Search code examples
pythonbatch-fileunzip

Batch file to unzip files and run Python script


I have a project where I need to unzip files containing a .xls file and then run a Python script to convert the file to .xlsx. I need to do this by executing a Windows Batch file through the Windows Task Scheduler. I found some code on Superuser to unzip the file, but it does not loop and you have to explicitly type the name of the file you want to unzip.

Here's the unzip code:

@echo off
setlocal
cd /d %~dp0
Call :UnZipFile "C:\Test Folder\" "C:\Test Folder\File1.zip"
exit /b

:UnZipFile <ExtractTo> <newzipfile>
IF "%~dp0"=="" GOTO Continue
set vbs="%temp%\_.vbs"
if exist %vbs% del /f /q %vbs%
>%vbs%  echo Set fso = CreateObject("Scripting.FileSystemObject")
>>%vbs% echo If NOT fso.FolderExists(%1) Then
>>%vbs% echo fso.CreateFolder(%1)
>>%vbs% echo End If
>>%vbs% echo set objShell = CreateObject("Shell.Application")
>>%vbs% echo set FilesInZip=objShell.NameSpace(%2).items
>>%vbs% echo objShell.NameSpace(%1).CopyHere(FilesInZip)
>>%vbs% echo Set fso = Nothing
>>%vbs% echo Set objShell = Nothing
cscript //nologo %vbs%
if exist %vbs% del /f /q %vbs%

Here's my Python code:

import win32com.client as win32
import argparse

parser = argparse.ArgumentParser()
parser.add_argument('--sourcefilepath')
parser.add_argument('--sourcefilename')
args = parser.parse_args()

fname = r"{sourcefilepath}{sourcefilename}".format(sourcefilepath=args.sourcefilepath,sourcefilename=args.sourcefilename)

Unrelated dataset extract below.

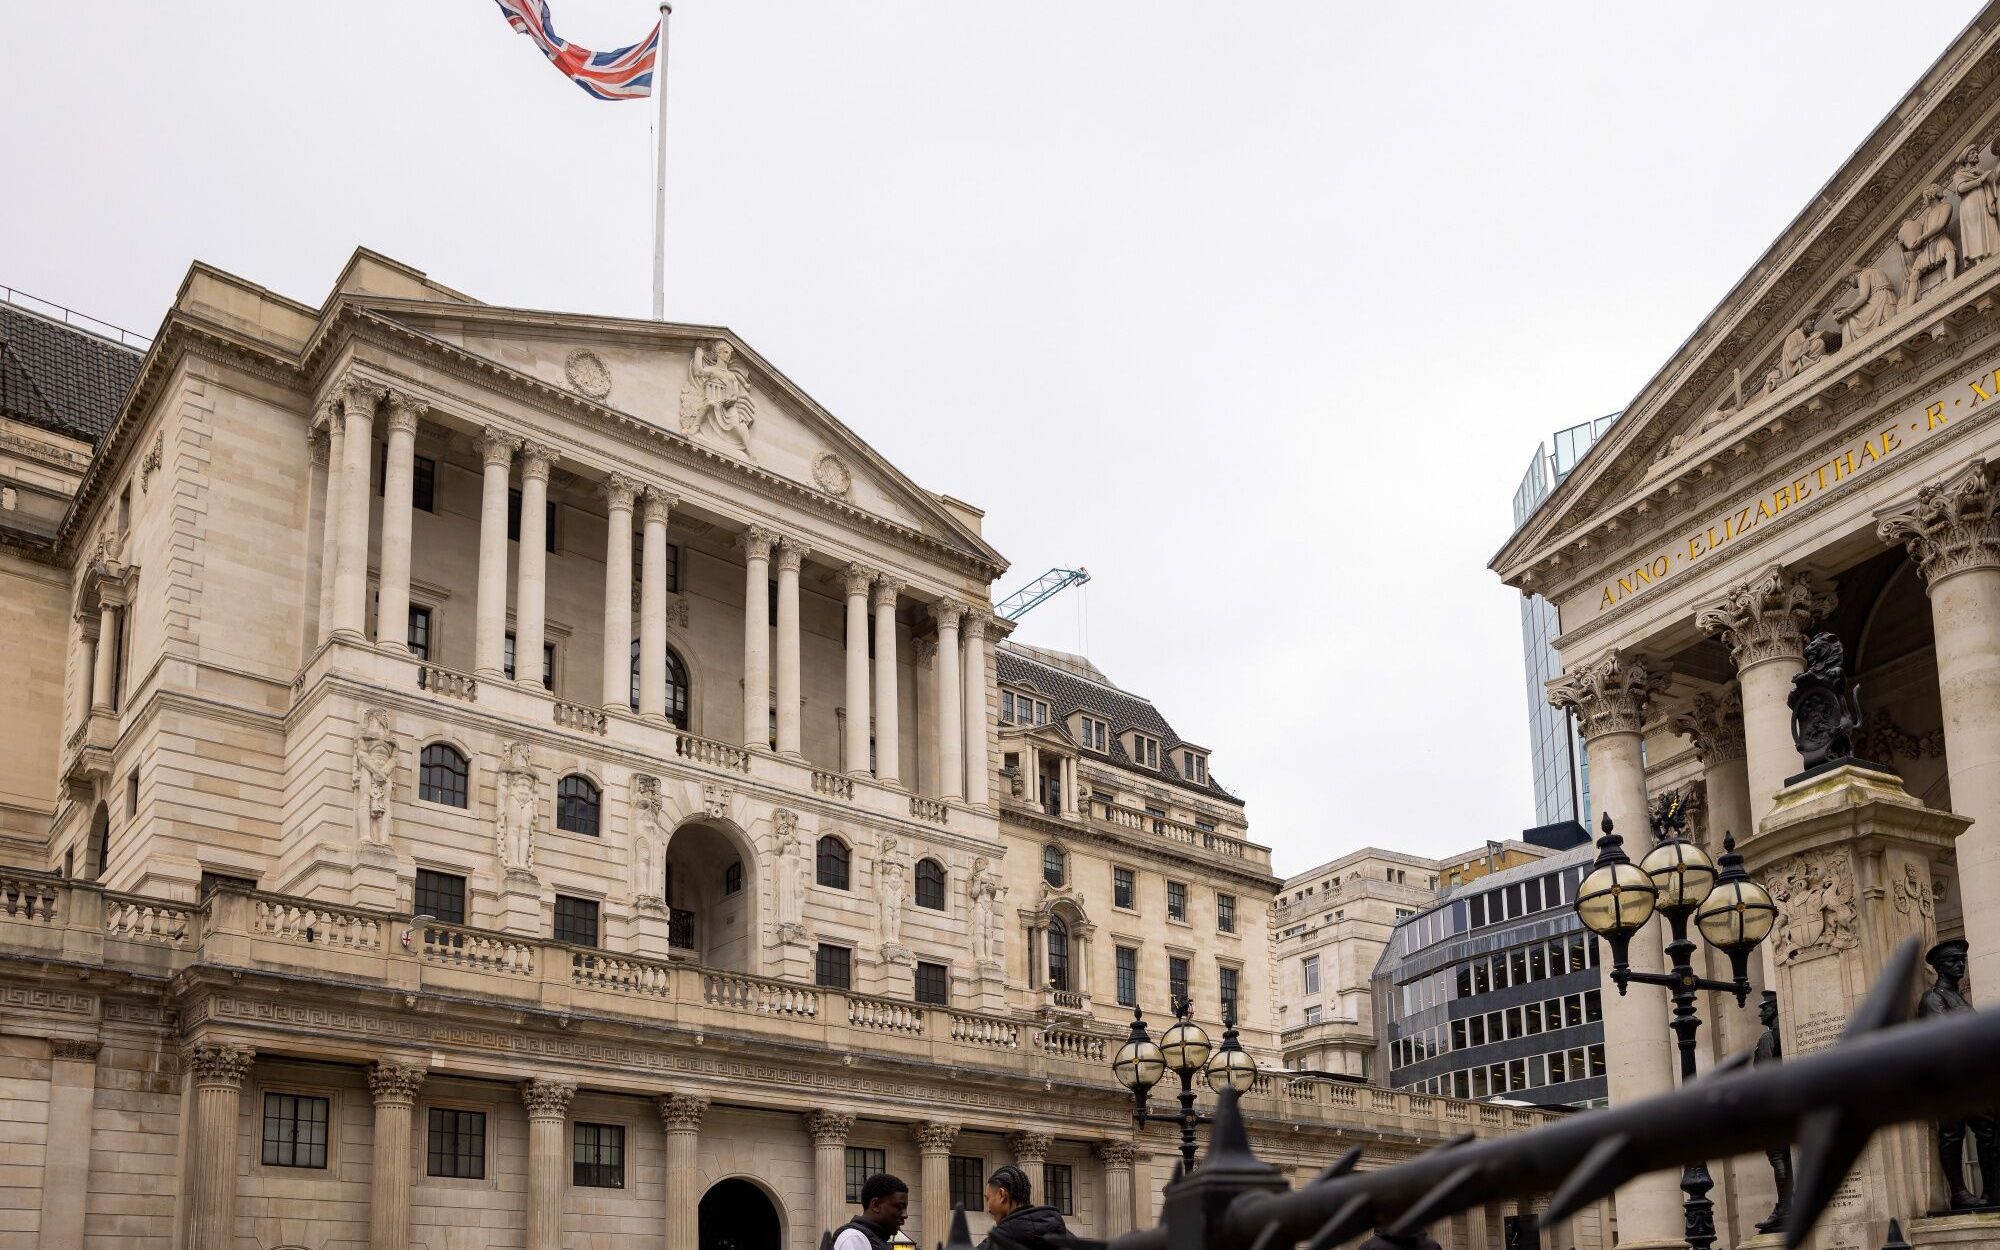 taxpayer to fork out £85bn to cover bank of england losses

excel = win32.gencache.EnsureDispatch('Excel.Application')
wb = excel.Workbooks.Open(fname)
wb.SaveAs(fname + "x", FileFormat = 56)

wb.Close()                                 
excel.Application.Quit()
quit()

Any help will be great.


Solution

  • @echo off
    setlocal
    cd /d "%~dp0" || exit /b 1
    
    for %%A in (*.zip) do (
        call :UnZipFile "%cd%\" "%%~fA"
    
        for %%B in (*.xls) do (
            echo python mypython.py --sourcefilepath "%cd%" --sourcefilename "%%~nxB"
            del "%%~B"
        )
    )
    exit /b
    
    :UnZipFile <ExtractTo> <newzipfile>
    if "%~dp0" == "" exit /b 1
    set "vbs=%temp%\_.vbs"
    if exist "%vbs%" del /f /q "%vbs%"
    
    (
        echo Set fso = CreateObject("Scripting.FileSystemObject"^)
        echo If NOT fso.FolderExists("%~1"^) Then
        echo fso.CreateFolder("%~1"^)
        echo End If
        echo set objShell = CreateObject("Shell.Application"^)
        echo set FilesInZip=objShell.NameSpace("%~2"^).items
        echo objShell.NameSpace("%~1"^).CopyHere FilesInZip, 16
        echo Set fso = Nothing
        echo Set objShell = Nothing
    ) > "%vbs%"
    
    cscript //nologo "%vbs%"
    if exist "%vbs%" del /f /q "%vbs%"
    

    Just some minor fixes to special characters needing escaping in the echo commands. Replaced goto continue with exit /b 1. Added simple for loop to get all zip filenames.

    It will get xls files in the current directory and delete the xls files once the python script has done the SaveAs task.

    Remove echo in front of python command if checked as OK.


    Or try this python code which does the looping, unzipping, and xls to xlsx.

    import win32com.client as win32
    import argparse
    import glob
    import os
    import zipfile
    
    def xls_to_xlsx(filename, filepath=None):
        if not filepath:
            filepath = os.getcwd()
    
        fname = os.path.join(filepath, filename)
    
        excel = win32.gencache.EnsureDispatch('Excel.Application')
        wb = excel.Workbooks.Open(fname)
        wb.SaveAs(fname + "x", FileFormat = 56)
    
        wb.Close()
        excel.Application.Quit()
    
    if __name__ == '__main__':
        for zip_file in glob.iglob('*.zip'):
            with zipfile.ZipFile(zip_file) as r:
                r.extractall()
    
            for xls_file in glob.iglob('*.xls'):
                xls_to_xlsx(xls_file)
                os.remove(xls_file)
    

    It does not set current working directory which Task Scheduler can set it, or you can add it into the python script to set it.